Изменения, о которых шла речь, касались главным образом финала, где от автора, в соответствии с новым мхатовским договором, потребовали:
«а) переработать последнюю картину по линии Хлудова, причем линия Хлудова должна привести его к самоубийству как человека, осознавшего беспочвенность своей идеи;
б) переработать последнюю картину по линии Голубкова и Серафимы так, чтобы оба эти персонажа остались за границей;
в) переработать в 4-й картине сцену между главнокомандующим и Хлудовым так, чтобы наилучше разъяснить болезнь Хлудова, связанную с осознанием порочности той идеи, которой он отдался, и проистекавшую отсюда ненависть его к главнокомандующему, который своей идеей подменял хлудовскую идею» [13; 304–305].
Булгаков с этими требованиями согласился и все переработал, хотя Елена Сергеевна и записала в один из сентябрьских дней 1933 года: «Сегодня обедала у нас Оля. Только сели за стол, разразился скандал. Оля сказала, что был разговор в Театре о „Беге“. Немирович сказал, что не знает автора упрямей, чем Булгаков, что на все уговоры он будет любезно улыбаться, но ничего не сделает в смысле поправок» [21; 18]. Но автор был настроен на этот раз иначе. «Насчет БЕГА не беспокойтесь. Хоть я и устал, как собака, но обдумываю и работаю», – написал он еще в июне 1933-го режиссеру Илье Судакову, тому самому, кто ставил семью годами ранее «Турбиных». Несмотря на то, что новый финал с самоубийством Хлудова многим понравился меньше, с чем автор на словах не согласился: «Афиногенов М. А-чу: – Читал ваш „Бег“, мне очень нравится, но первый финал был лучше. – Нет, второй лучше. (С выстрелом Хлудова)», – дело завертелось.
« 15 октября<…> Судаков как будто начинает понимать, что такое сны в „Беге“ <…> Может быть, Судаков и доведет на этот раз до конца „Бег“» [21; 23], – записывала Елена Сергеевна.
« 3 ноября <…>Федя (Михальский. – А. В.) предсказывал: <…> „Бег“ пойдет» [21; 26].
Но:
« 26 ноября <…>Потом Оля (Бокшанская. – А. В.) прибавила: – Да, „Бег“, конечно, тоже не пойдет» [21; 30].

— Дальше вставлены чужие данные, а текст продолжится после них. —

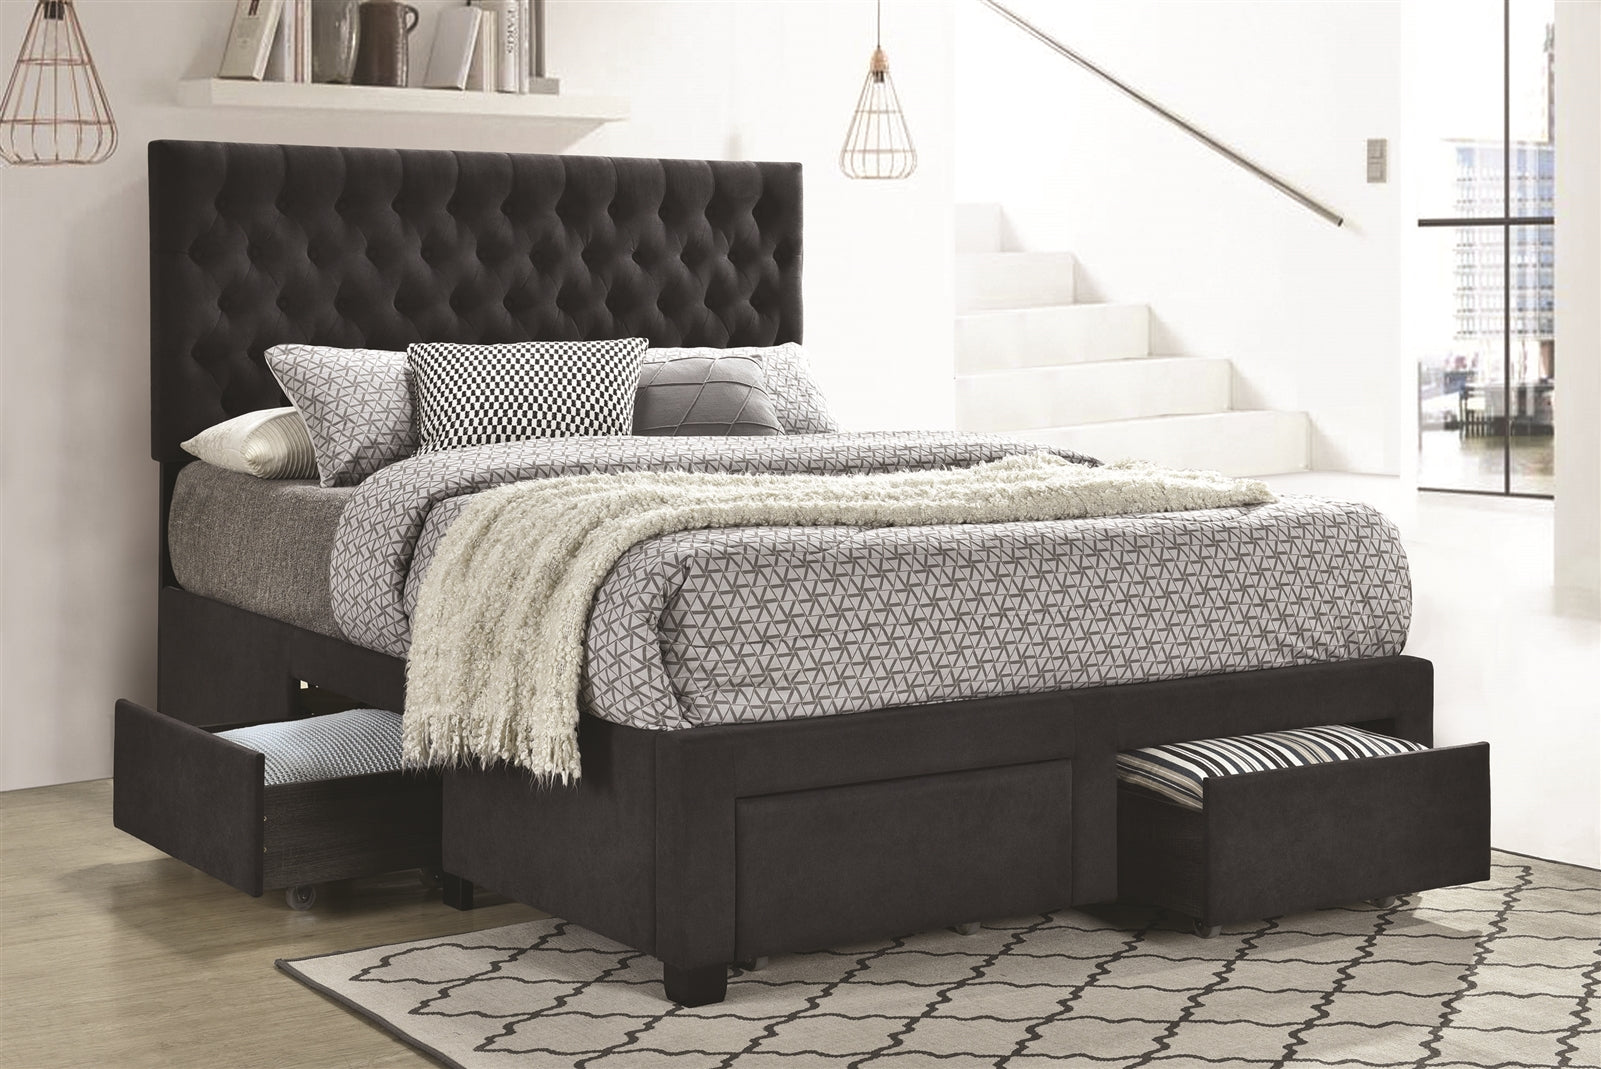 Lompoc Charcoal Upholstered Queen Storage Bed
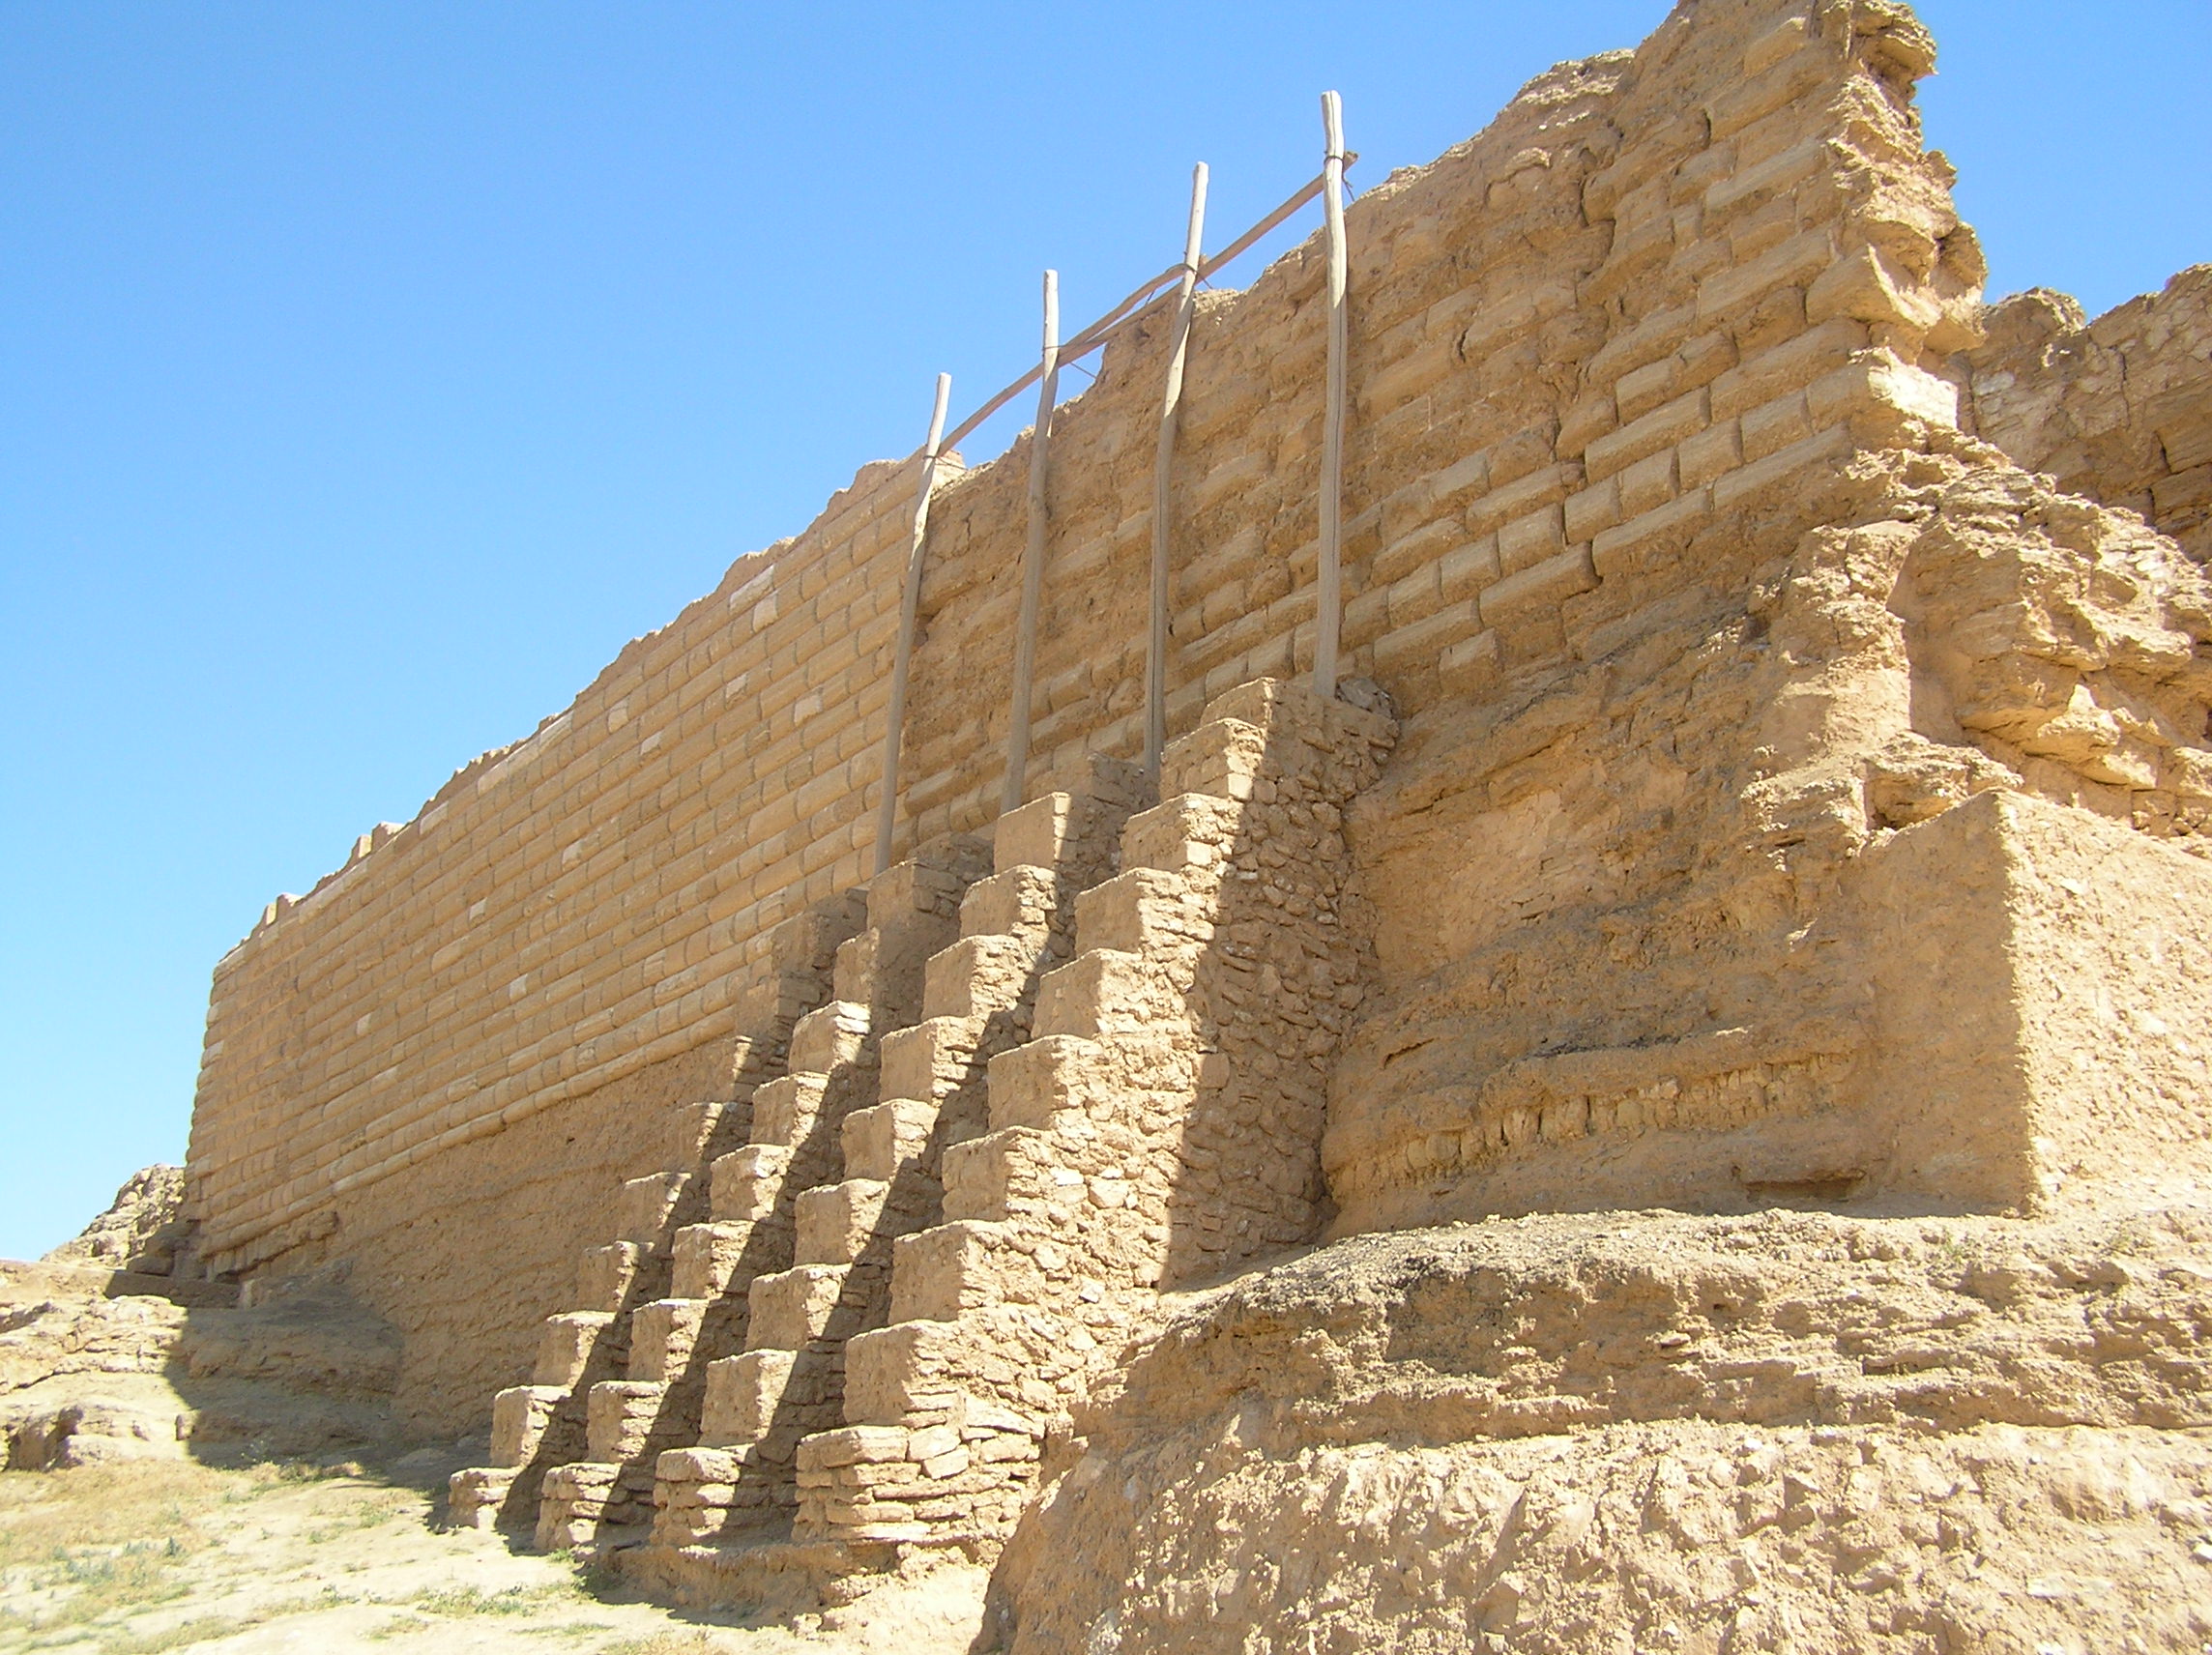 A photograph of the ancient wall surrounding the city of Dura-Europos

Права оказалась Бокшанская: «Бег» не пошел. Ни тогда, в 1933-м, ни год спустя, в 1934-м, когда Елена Сергеевна записывала вехи переменчивой судьбы самой пронзительной булгаковской пьесы:
« 8 сентября.По дороге в Театр встреча с Судаковым. – Вы знаете, М. А., положение с „Бегом“ очень и очень неплохое. Говорят – ставьте. Очень одобряет и Иосиф Виссарионович и Авель Сафронович. Вот только бы Бубнов не стал мешать(?!)».
« 18 сентября.Илья – настоящий бандит. Все его разговоры о „Беге“ – пустые враки» [21; 60].
« 8 ноября.Звонок телефонный – Оля. Длинный разговор. В конце: – Да, кстати, я уже несколько дней собиралась тебе сказать. Ты знаешь, кажется, „Бег“ разрешили. На днях звонили к Владимиру Ивановичу из ЦК, спрашивали его мнения об этой пьесе. Ну, он, конечно, страшно расхваливал, сказал, что замечательная вещь. Ему ответили: „Мы учтем ваше мнение“. А на рауте, который был по поводу праздника, Судаков подошел к Вл. Ив. и сказал, что он добился разрешения „Бега“. Сегодня уж Судаков говорил Жене (муж О. С. Бокшанской. – А. В.), что надо распределять роли по „Бегу“. Жене очень хочется играть кого-нибудь!»
И – наконец финальное, похоронное: « 21 ноября.День имянин М. А. <…> был звонок Оли – поздравление и сообщение, что „Бег“ не разрешили. М. А. принял это с полнейшим спокойствием. Кто запретил – не могла добиться от Оли» [21; 67 68].
Булгаков если и держался спокойно, все равно можно представить, сколько нервов забирали у него взмывающие все выше и падающие все стремительнее «качели судьбы», и неслучайно параллельно с записями о судьбе «Бега» Елена Сергеевна фиксировала в дневнике: «У М. А. плохо с нервами. Боязнь пространства, одиночества. Думает, не обратиться ли к гипнозу» [21; 62].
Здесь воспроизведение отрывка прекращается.